A lot could be the issue - try to isolate elements - for example use one memory stick at a time (if possible). Narrow it down as much as you can and don’t swap 2 things at once…

1 Like

all memory sticks are less than a month old. replacing all of them was the first thing i tried.

surely the memtest already ruled out memory failure. right?

given the randomness of these crashes, downing the server, by removing needed memory, for days on end just to wait, possibly in vain, for a crash, that may or may not even have anything to do with memory, seems like a very irrational way to go about it. these resets only happen about once a week or so.

i dont mean to argue, im just hesitant to down my server for so long with such little chance of finding the cause.

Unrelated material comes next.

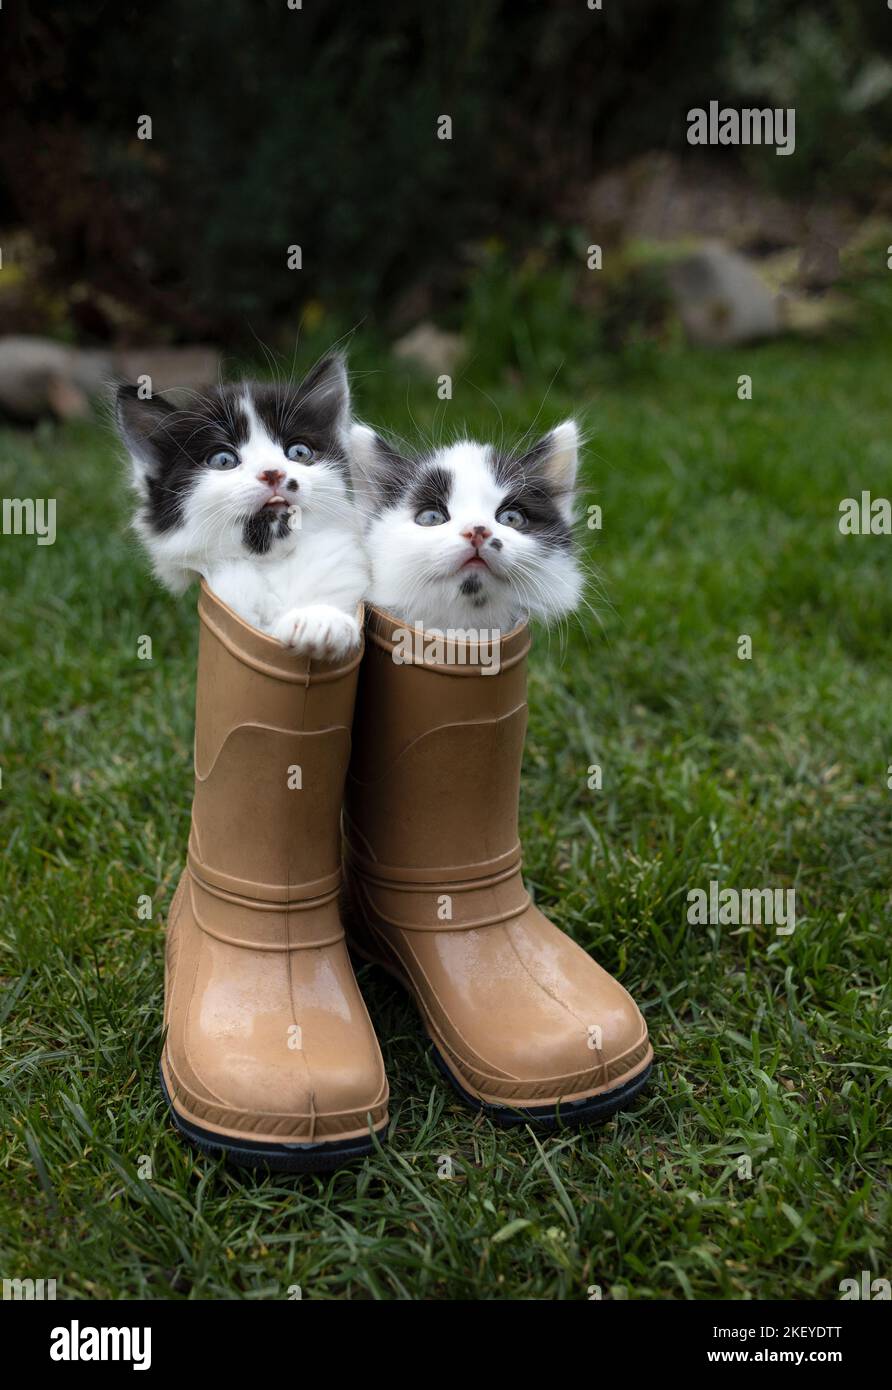 Gattini divertenti immagini e fotografie stock ad alta risoluzione - Alamy

(&(& - missed the memtest (providing tech support to son at same time). But note it suggests not memory sticks (could also be memory settings, connectors etc.).
Don’t mind the “arguing” - we are both challenging assumptions on this! And I know the “downtime issue”.

So now thinking try different software - would BSD or windows work for a test? As a worst case, a much later linux? I personally run the latest (which may not suit you) - but a large-ish OS difference might help pin it down. Still so many variables - I feel your pain…

1 Like

the system has never been compatible with windows. never worked with BSD before, im not sure it would pickup any failures that linux wouldn’t. i am running with AER enabled. ill look into the feasibility of it.

perhaps it’s time to upgrade the system to linux 6.1. i shall start the backup scripts now. ill begin configuring and compiling the new kernel tomorrow afternoon. backups should be done by then. assuming all goes well, new kernel should be running by Thursday morning.

I’ve decided I’m not compatible with windows, so…
I remember (very many years ago Windows NT beta worked flawlessly where WIndows 3.x didn’t, so I’m always a fan of a different OS as a test - if feasible). I feel the system is somwhat more “production”, so I see the challenges. Good luck!

1 Like

Well, it’s worth noting that until this problem started appearing, the system ran perfectly for years, on kernels 4.10 and every major release since.

PSU age?

3 Likes

about 5 years. going on 6.
EVGA SuperNova series.
fed by an APC SmartUPS i got refurbished from Schneider electric. battery is less than a year old. UPS just self-tested this morning, all seems good. mains power issues are not the cause, i would see the anomalies in the UPS’ logs.

If the PSU were failing, wouldn’t it just, not turn on?

Wouldn’t AGESA throw some sort of POST error if something wasn’t getting enough power?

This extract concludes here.